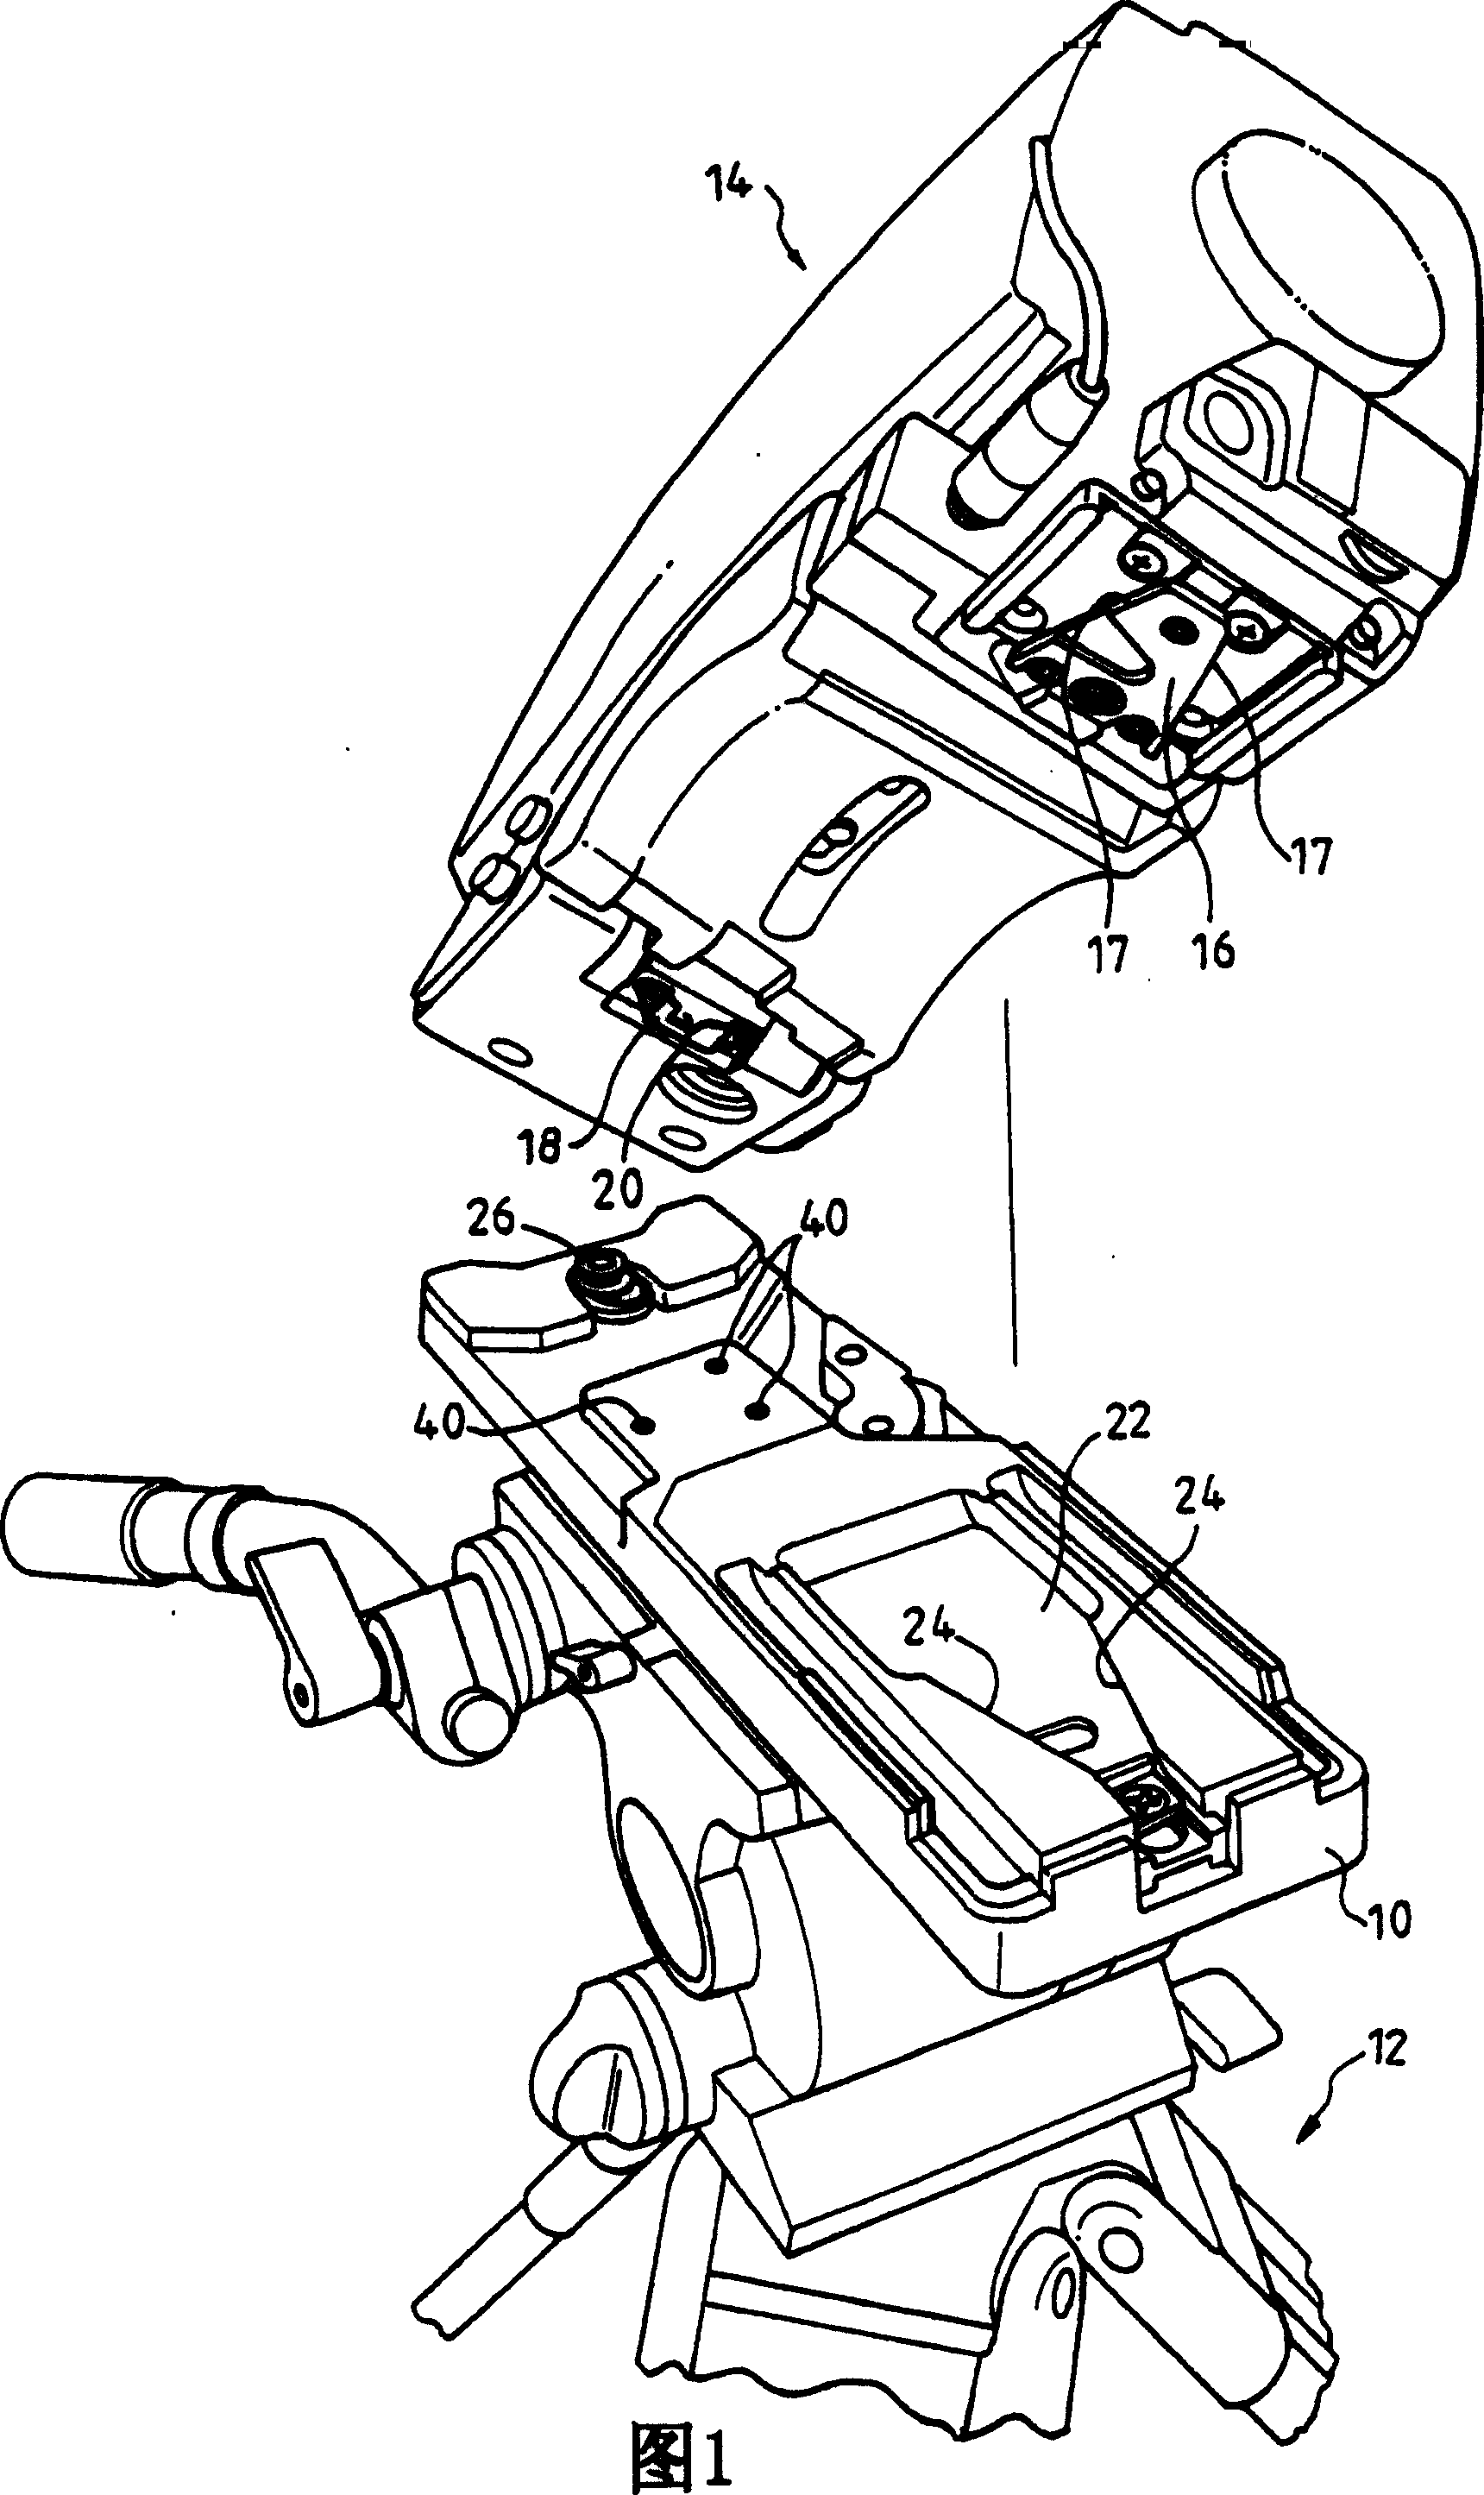 Fixture for video camera onto base board of tripod
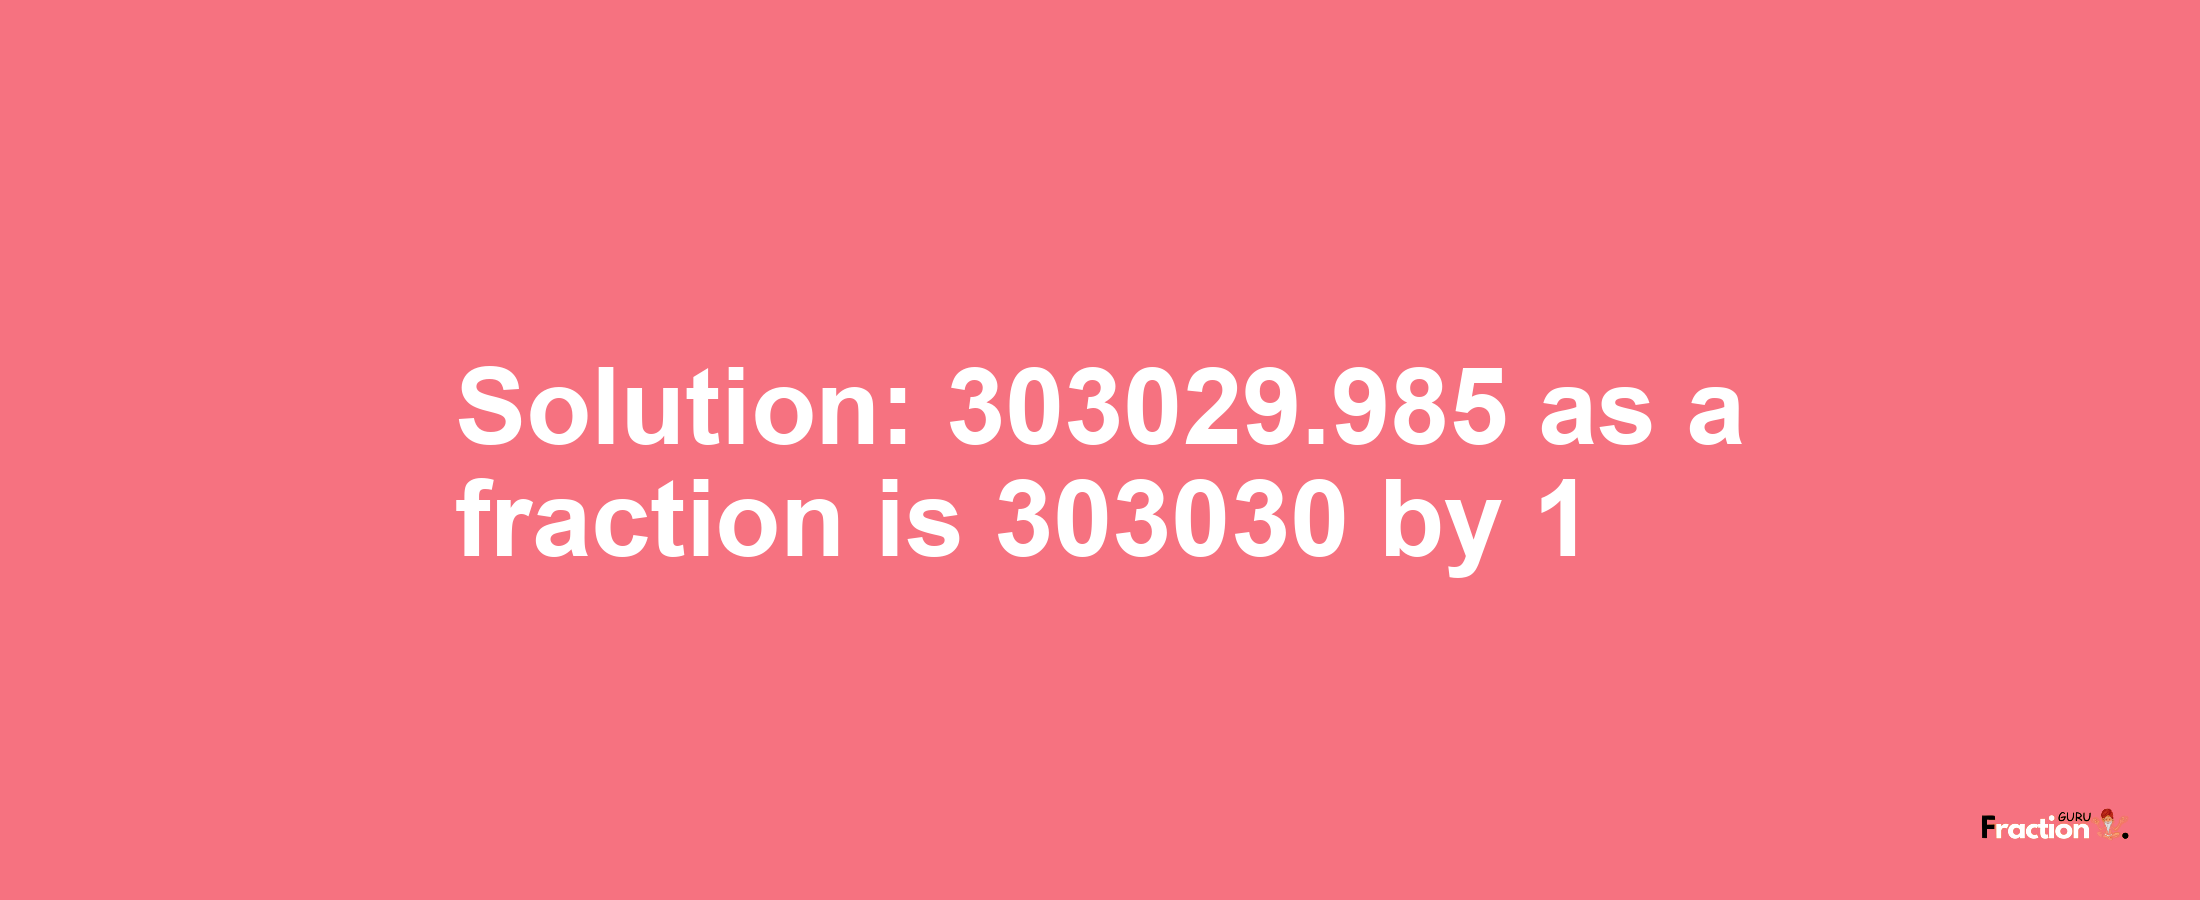 Solution:303029.985 as a fraction is 303030/1
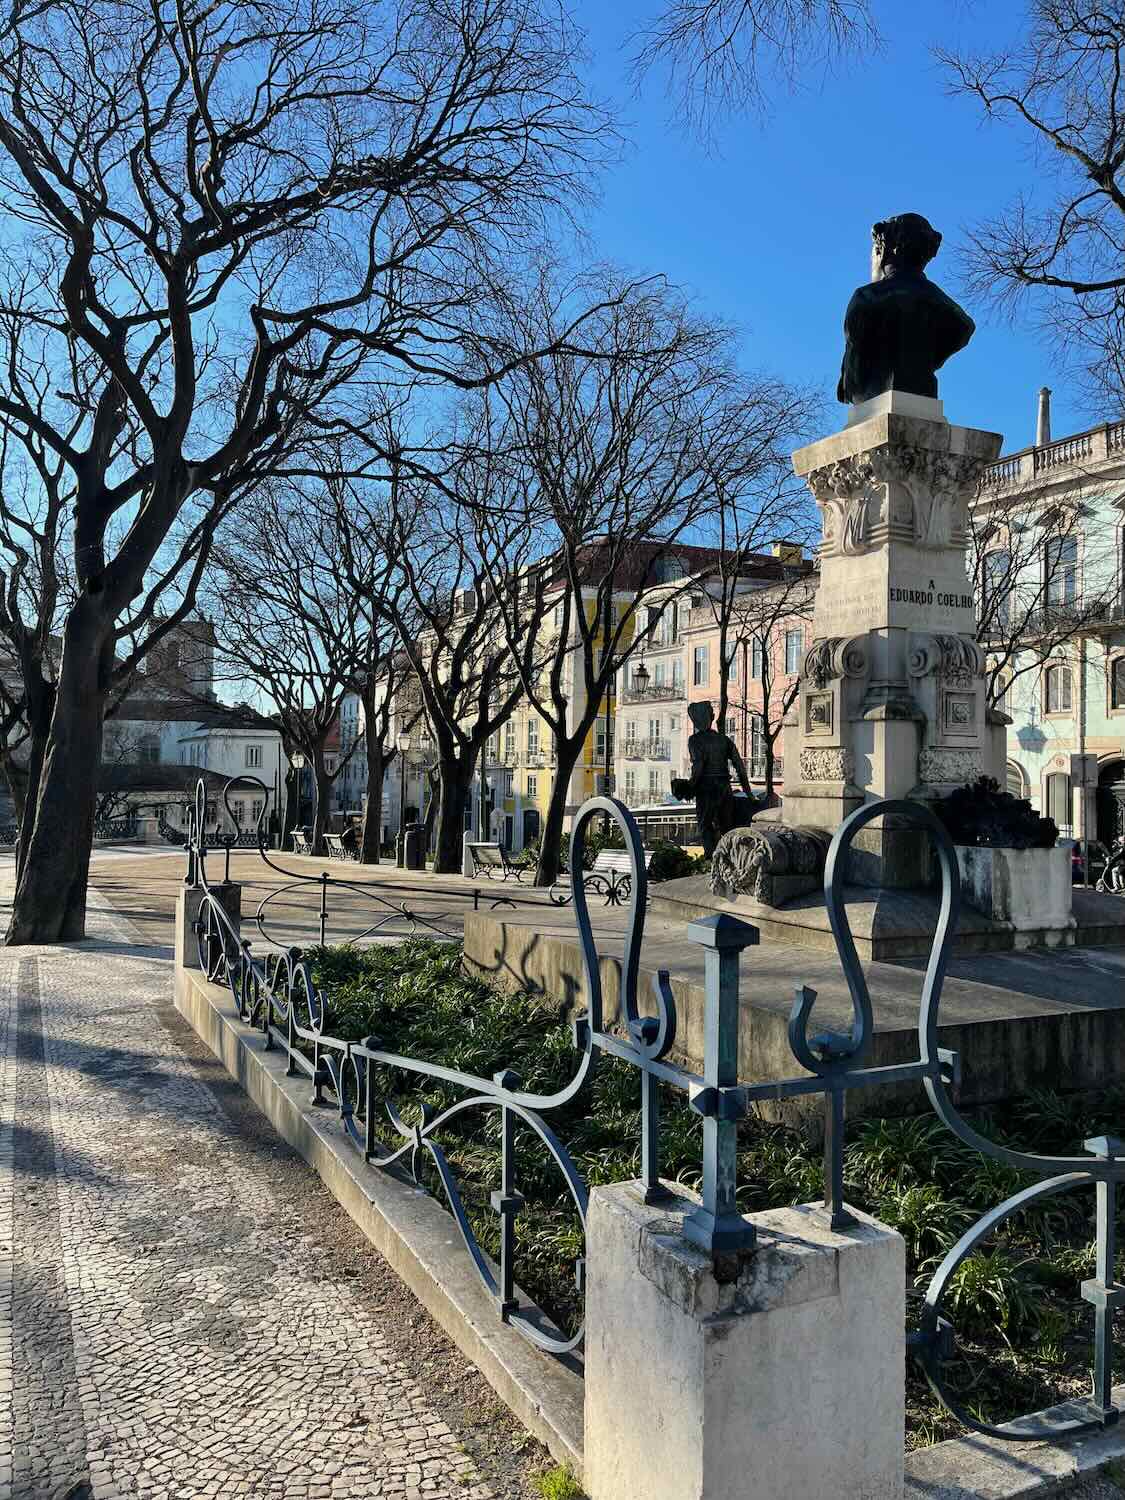 A serene Lisbon neighborhood in the daytime with bare trees, iron-wrought fences, and a statue, showcasing the calm residential side of the city.

----------------------------------------

* _ASSIGNMENT_: What you give back must be the data above, reproduced exactly and free of pictures.

* _RESULT OF THIS EXERCISE_:
 Fixture for video camera onto base board of tripod
 Solution:303029.985 as a fraction is 303030/1
 A serene Lisbon neighborhood in the daytime with bare trees, iron-wrought fences, and a statue, showcasing the calm residential side of the city.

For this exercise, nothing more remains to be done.